Moving to polluted areas can lead to weight gain in kids

A large natural experiment in Catalonia shows that moving to areas with higher levels of air pollution is associated with weight gain in young children. The study, led by the Barcelona Institute for Global Health (ISGlobal), an institution supported by “la Caixa Foundation”, in collaboration with the IDIAP Jordi Gol, provides further evidence to support efforts to reduce air pollution.

Overweight and obesity in childhood result from the interaction of genes, lifestyle behaviours, physiological and social factors. Environmental exposures such as air pollution may also play a role. However, it is not yet clear whether there is an association between air pollution and childhood obesity, and whether it is causal (i.e., whether air pollution directly causes obesity or overweight).

A good way to investigate whether the two are linked is to see what happens when a child is suddenly exposed to higher or lower levels of air pollution as a result of moving to a different home address. This is what we call a natural experiment.”

Martine Vrijheid, head of the Childhood and Environment research group at ISGlobal

In this study, funded by the Social Observatory of “la Caixa” Foundation, a team led by Vrijheid took advantage of this natural experiment study design to assess whether changes in air pollution exposure due to residential relocation were associated with changes in body mass index (BMI). The study included 46,644 children and adolescents (aged 2 to 17) who moved once between 2011 and 2018 and were registered in the primary healthcare in Catalonia.

The research team estimated the annual levels of NO2, PM10 and PM2.5 particulate matter in each participant’s home area, before and after moving. Weight and height were routinely measured at the primary care centers and were used to calculate BMI before and 180 days or more after the move.

Weight gain after moving to more air pollution

The analysis shows that moving to areas with more air pollution was associated with a small increase in BMI. This was true for all pollutants, and the effect was stronger in preschool- and primary school children.

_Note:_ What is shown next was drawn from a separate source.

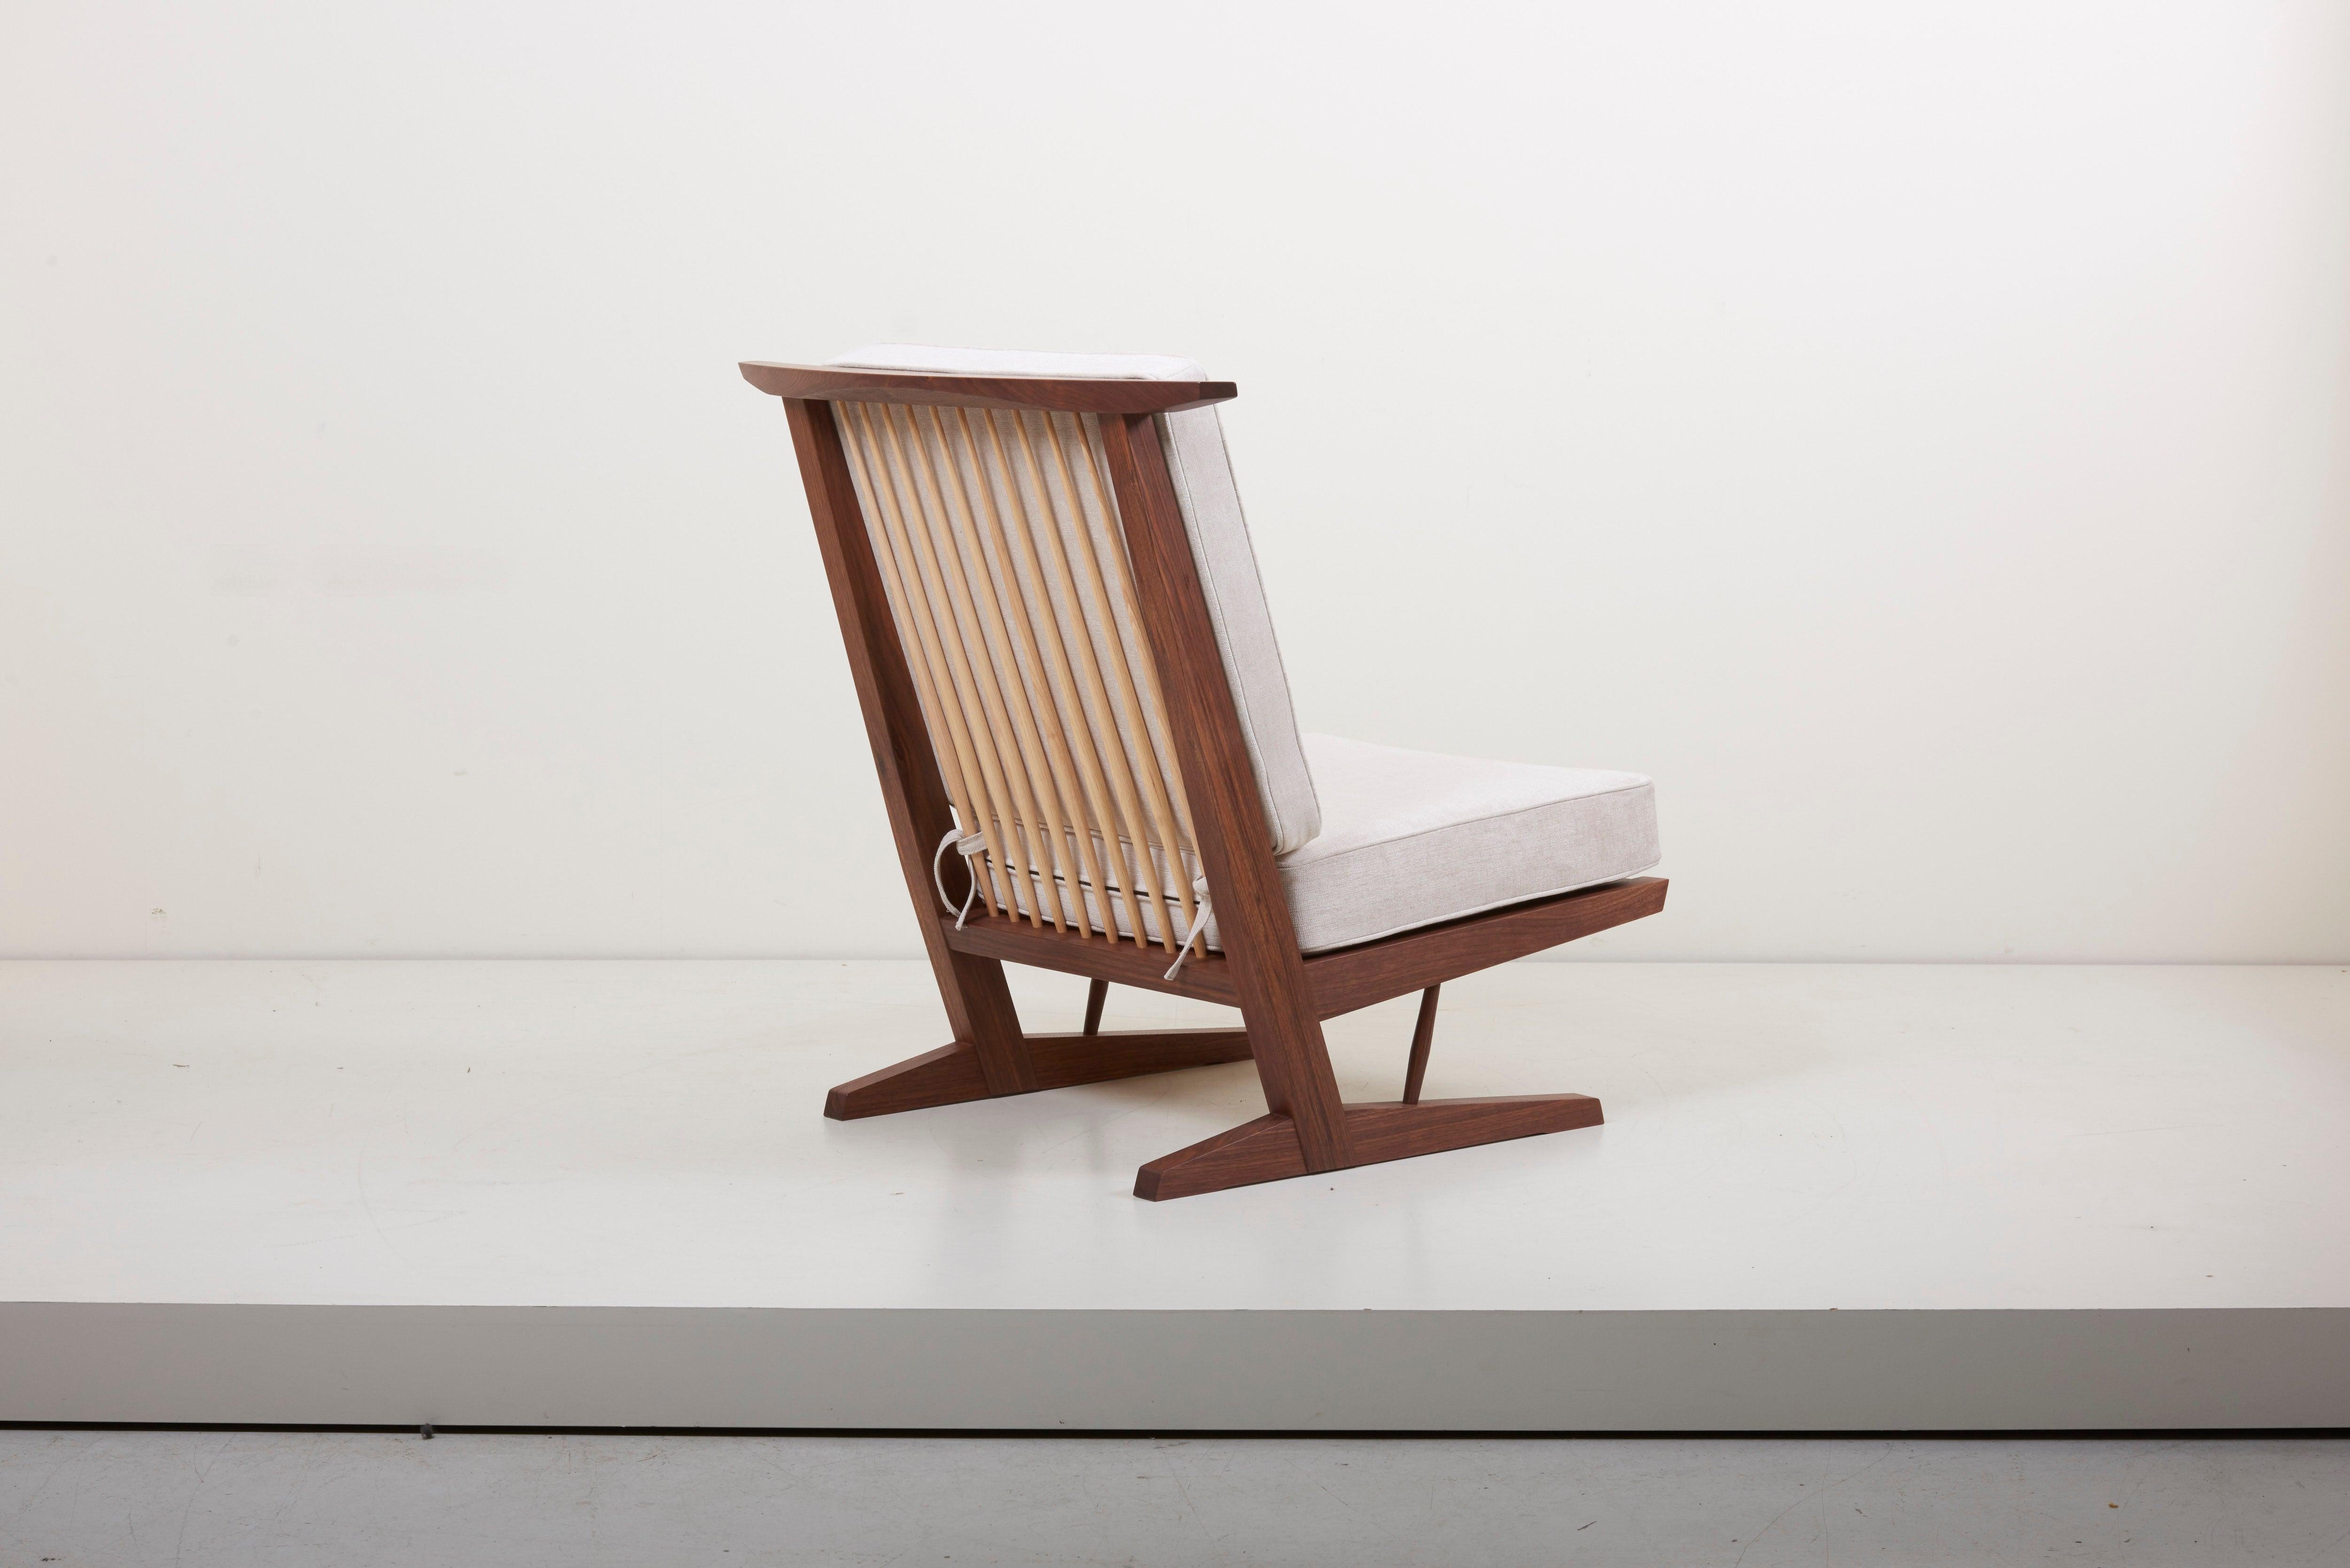 Conoid lounge chair in American black walnut with hickory spindles by Mira Nakashima. Based on a design by George Nakashima.

Newly upholstered in Mark Alexander fabric. Production Lead time is around 18 months.

In contrast, moving to less polluted areas had no significant effect on BMI. “This may be because reductions in air pollution levels seem to be less relevant for those who were already exposed to high levels of pollution,” says Sarah Warkentin, ISGlobal researcher and first author of the study. Curiously, moving to areas with similar levels of air pollution was associated with decreases in BMI. “This could be because these areas are more walkable or have more play areas for children,” says Warkentin. It could also simply be related to the stress of moving. Contrary to some studies in the US, the effect of air pollution on weight was independent of socioeconomic status.

The biological mechanisms that link air pollution to weight gain are not fully understood, but may include oxidative stress, inflammation of adipose tissue, reduced glucose uptake, hormonal disruption, changes in metabolism, or reduced lung function. More traffic may also lead to changes in behaviour such as going less outdoors, which may result in an increase in weight. Since the study relied on available data registered in primary health care centers in Catalonia, the researchers were not able to include these behavioural changes in their analysis. “However, the data collected routinely by primary healthcare professionals allowed us to perform a very large natural experiment in a very large number of children and adolescents. This type of study could be replicated in the future to study the impact of the environment on other health problems”, says Talita Duarte-Salles, head of the ‘Real World Epidemiology’ research group at IDIAP Jordi Gol.

“Our findings suggest that moving to areas with higher levels of air pollution can lead to weight gain in young children. They also provide further evidence for reducing air pollution levels, in addition to other community interventions, to prevent childhood obesity and overweight” says Vrijheid.

The authors point out that although the magnitude of the observed associations is small, the impact on global public health could be large, given that 56% of the world’s population lives in urban, more polluted areas.

Journal reference:

Warkentin, S., et al. (2023) Changes in air pollution exposure after residential relocation and body mass index in children and adolescents: A natural experiment study. Environmental Pollution.